Sunday, May 11, 2008

Walking Observations

On a picnic near the Provo River at Mt. Timpanogos park, just at the mouth of Provo Canyon, I spotted a new wild friend with easy identification: a Bullock's Oriole, a brilliant orange and black bird somewhat smaller than an American Robin and a cousin similar to the Baltimore Oriole of the east. He has a sharply defined black mask with a chin stripe that does not continue to his chest, and his vibrant color makes him easy to spot. This one was foraging in trees, nibbling off the leaf buds far above our heads, chattering randomly as he enjoyed his own picnic.

Spotting birds while walking trails is a great joy, but one that takes some practice in order to identify the wild wanderers. I would recommend going at a time when the light is good so any color variations in plumage are easily spotted, and try to get as close to the birds as possible so you can see details in their markings. Especially note the bill size and shape, head colorings, body size, wing markings, and rear view. If possible, also note what the bird is doing and any sounds you can clearly identify as coming from them.
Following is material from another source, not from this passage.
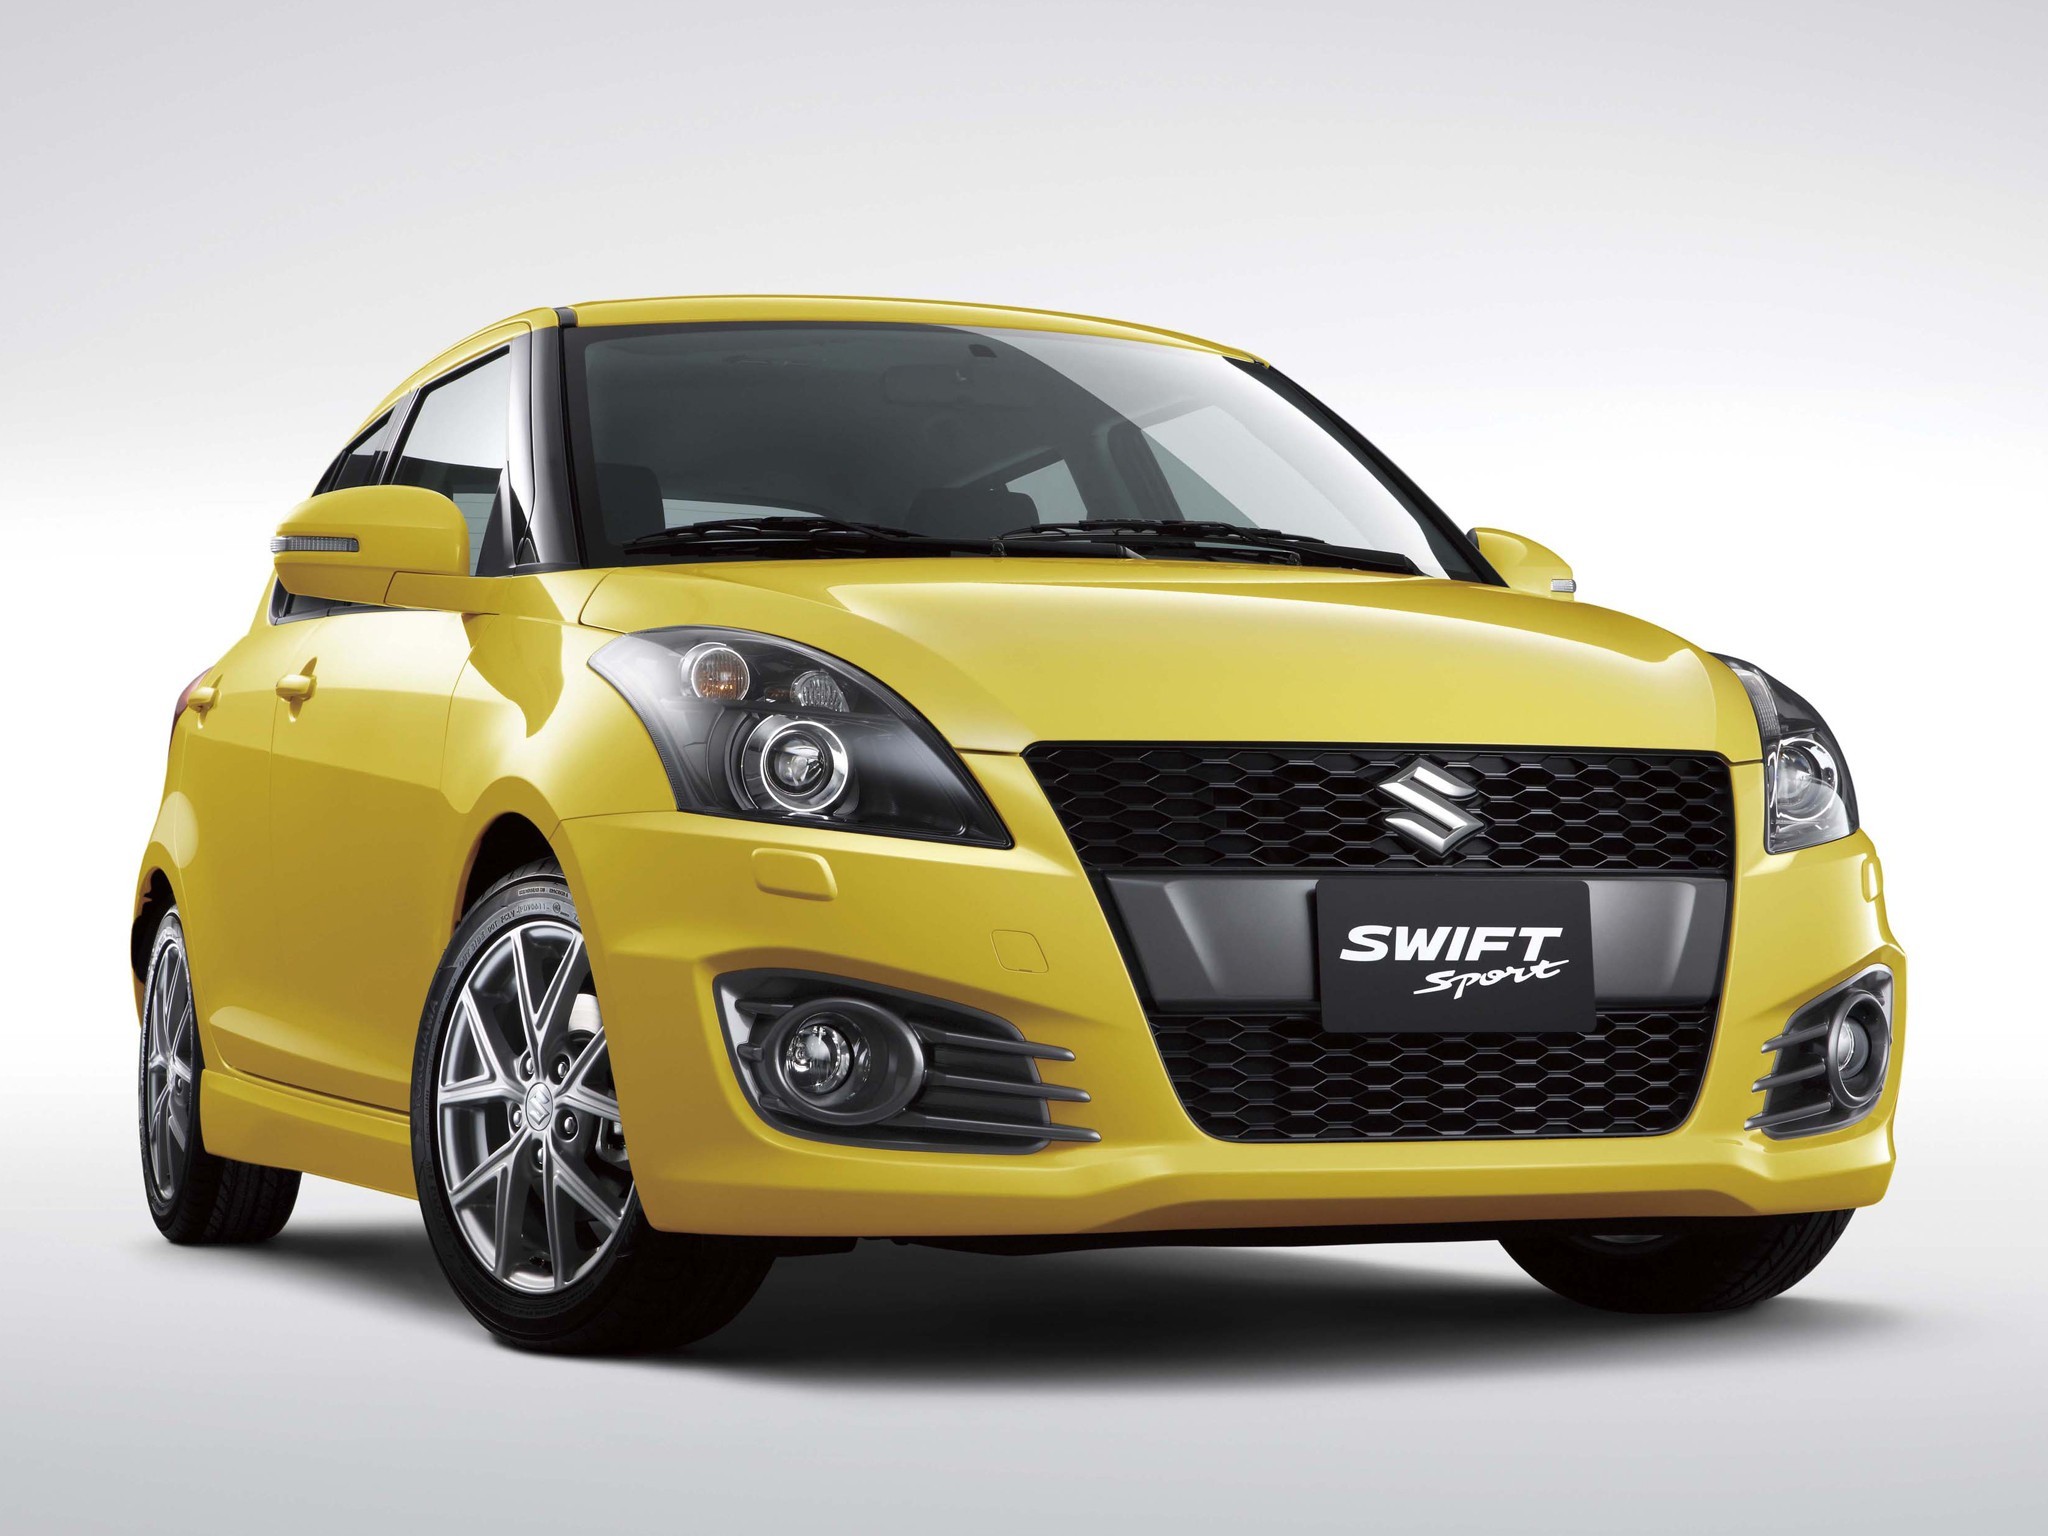 Suzuki Swift Production Reaches 5 Million Units in 11 Years - autoevolution

When possible, snap a digital picture of the bird, one that you can zoom in on at a later date in order to compare the bird to books, field guides, websites, and other identification resources. Binoculars can also be a help, particularly for more reclusive species, if you have them available. My camera and zoom has helped me discover new species on several occasions, though with the clear and distinctive markings of the Bullock's Oriole, it wasn't necessary. I wouldn't recommend taking field guides with you while birding casually on a trail, since you'll waste valuable behavior observation time flipping through pages and making comparisons you can easily make after the bird has moved on.

With care and practice, you can easily find new and remarkable species no matter where you are, if you're prepared to observe them adequately. The best observation tools you have are your eyes, and with them, new birds can reveal a world you may never have known existed, a world that you share with many other intelligent and remarkable species.